I pulled up my bootstraps and kept rolling with this book only because of the author's description of how it is being blind. I have several blind friends (it's because of one of those friends I started listening to audiobooks in the first place) and I have never really understood what their life is like. Josh Sundquist writes about that experience through Will Porter and gave me a better understanding of what a sightless world is like. Concepts such as perspective and colors were explained to me in ways I never would have even considered and then when Will gets the miracle surgery restoring his eyesight, the learning HOW to see floored me. I've since talked this over with one of my friends and he said that it sounded like some of the reasons he has not considered gaining eyesight if the chance arose. Sundquist's descriptions are very thought provoking.
The problem with this story is there is a bit of a forced love interest. Will meets new friends as he tries to be mainstreamed in a "normal" school. Apparently Will was a big deal at his school for the blind, now, not so much. He becomes friends with kids on the Quiz Team and begins to fall for a girl who seems to be hiding something. After gaining sight he learns she has a huge birthmark on her face. At this point he feels betrayed in that no one told him about her face. Here's where the book pretty much lost me again.
What I got from the book is the awesome descriptions of life from a blind person's point of view. What I disliked were the two-dimensional portrayals of human love and interaction.
Publisher's Summary
In his debut novel, YouTube personality and author of We Should Hang Out Sometime Josh Sundquist explores the nature of love, trust, and romantic attraction.
On his first day at a new school, blind 16-year-old Will Porter accidentally groped a girl on the stairs, sat on another student in the cafeteria, and somehow drove a classmate to tears. High school can only go up from here, right?
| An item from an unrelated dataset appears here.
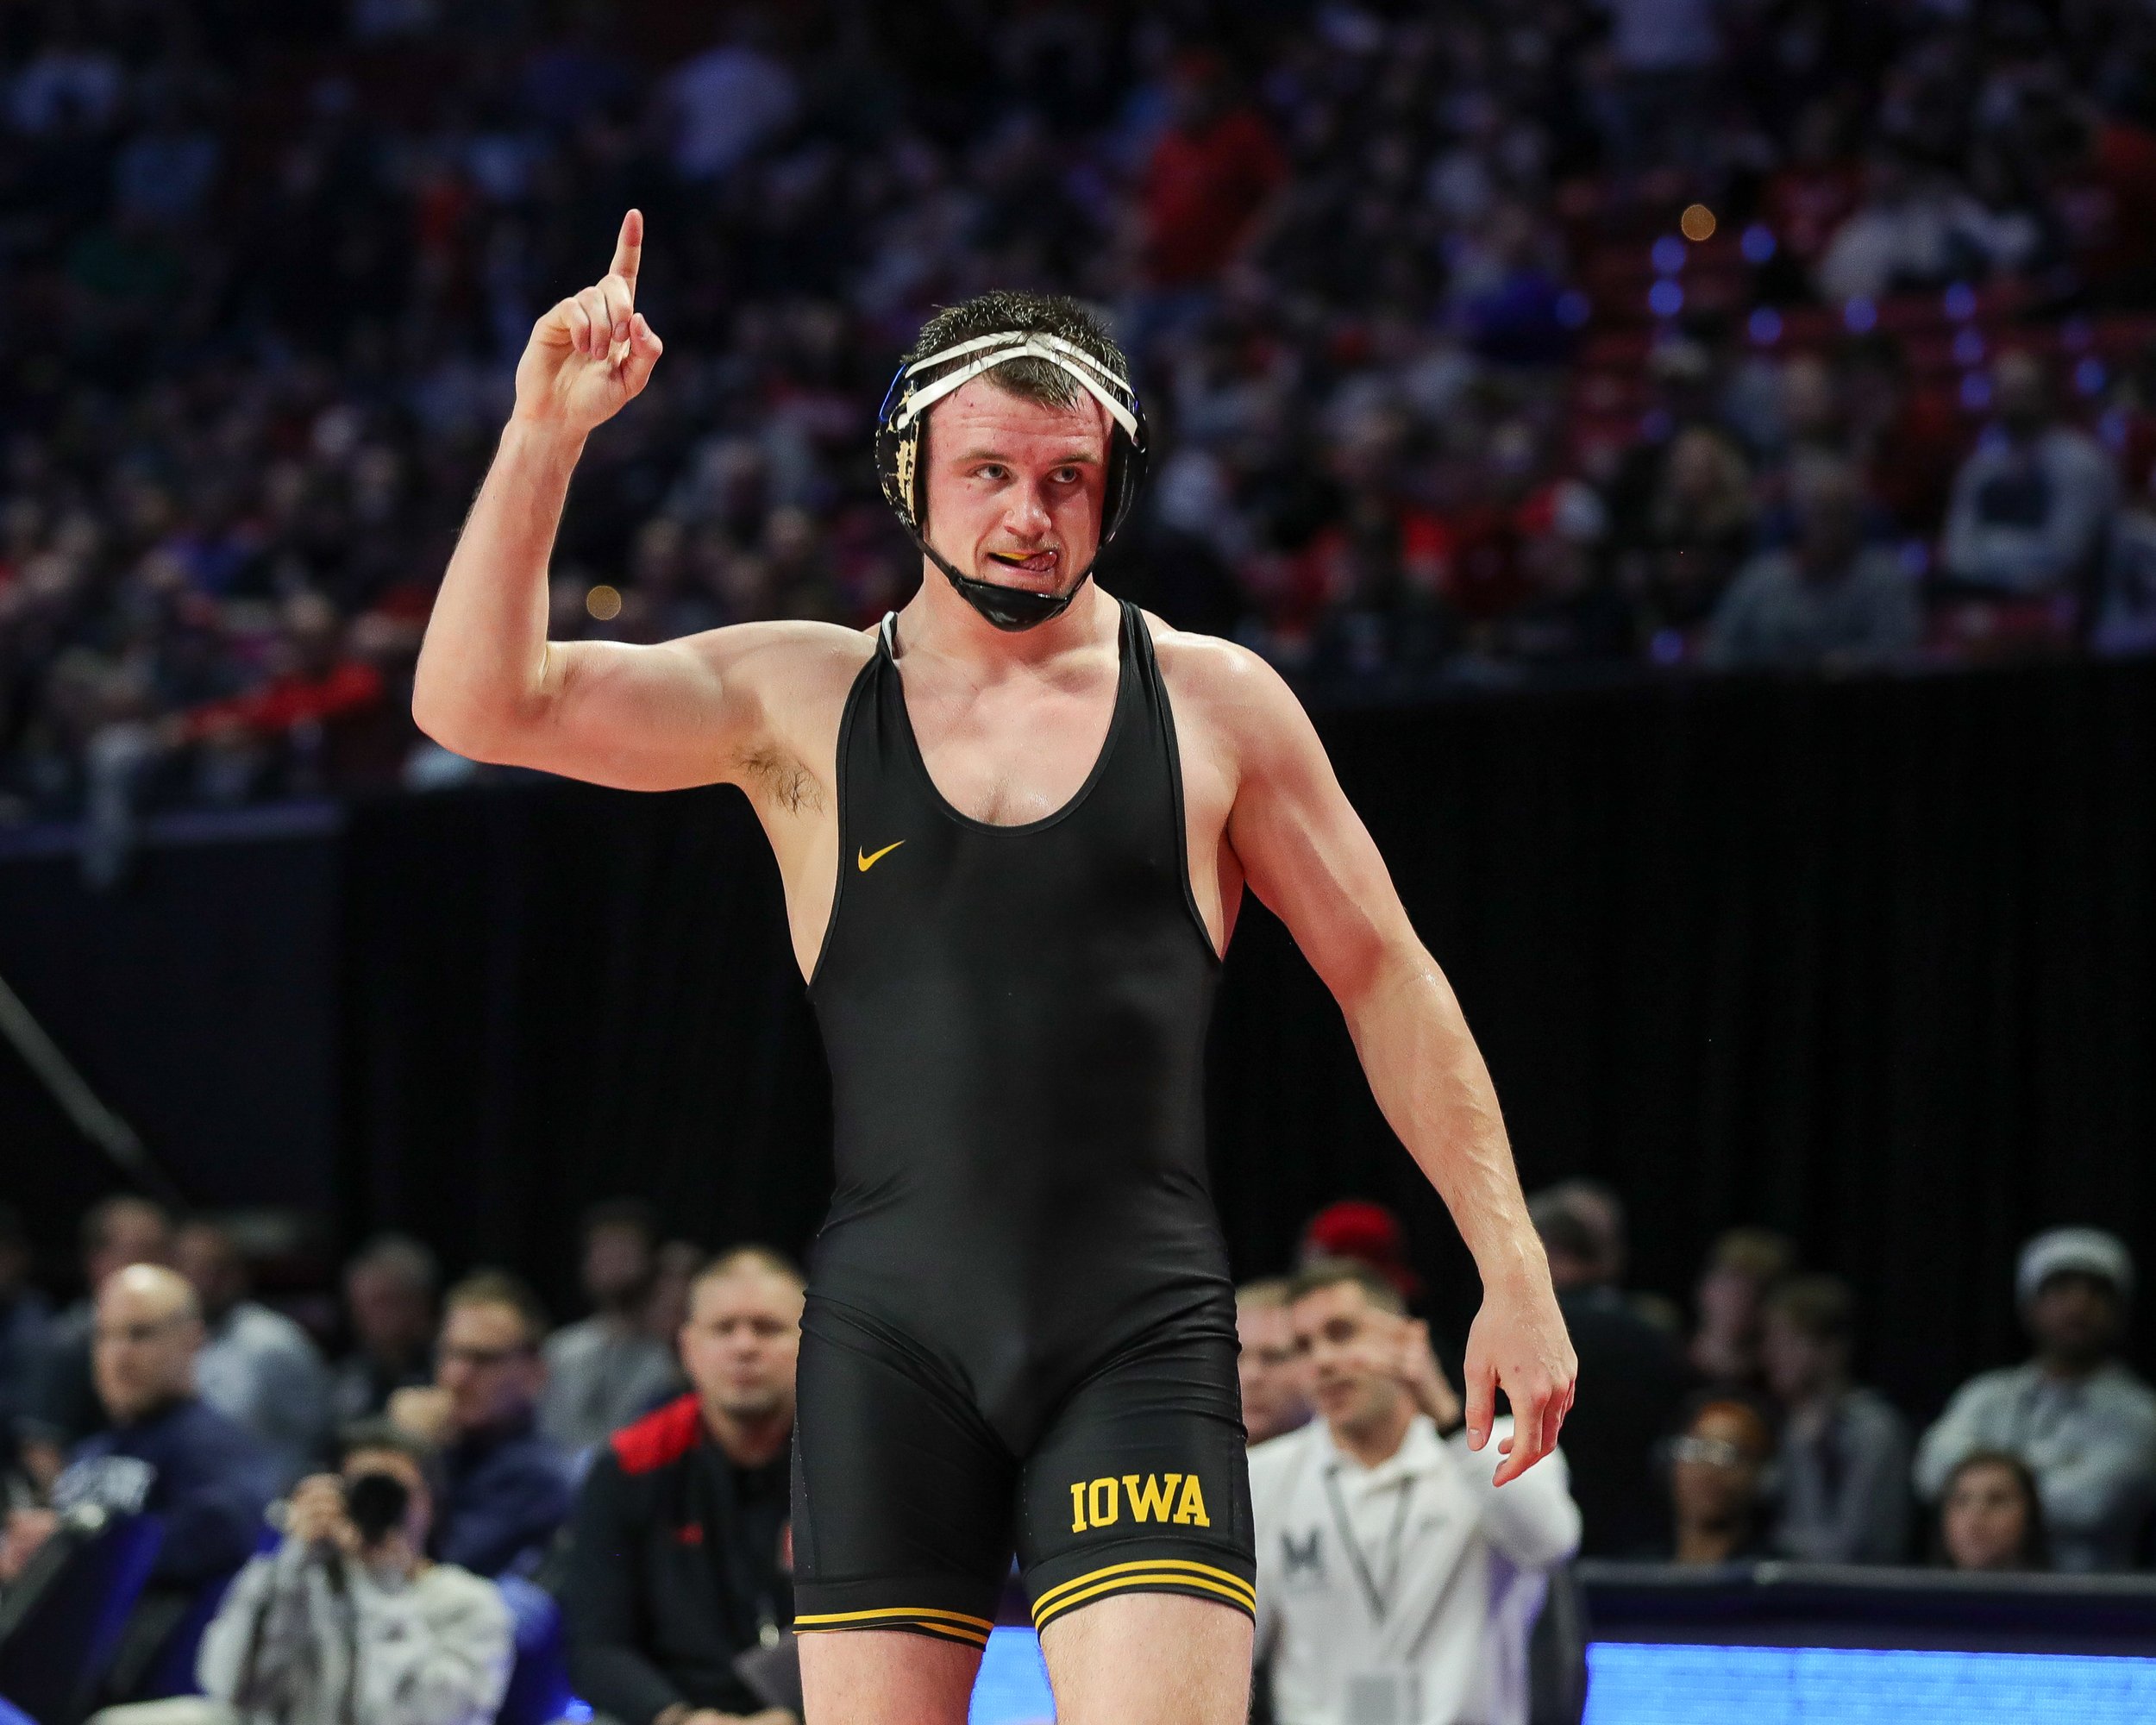  Iowa wrestler Zach Glazier celebrates defeating Maryland’s Jax Smith in a 197-lb semifinal match during the Big Ten Wrestling Championships at the Xfinity Center in College Park, Maryland on Saturday, March 9, 2023. Glazier won 4-1 in SV1. (David Ha

As Will starts to find his footing, he develops a crush on a charming, quiet girl named Cecily. Then an unprecedented opportunity arises: an experimental surgery that could give Will eyesight for the first time in his life. But learning to see is more difficult than Will ever imagined, and he soon discovers that the sighted world has been keeping secrets. It turns out Cecily doesn't meet traditional definitions of beauty - in fact everything he'd heard about her appearance was a lie engineered by their so-called friends to get the two of them together. Does it matter what Cecily looks like? No, not really. But then why does Will feel so betrayed?
Told with humor and breathtaking poignancy, Love and First Sight is a story about how we relate to each other and the world around us.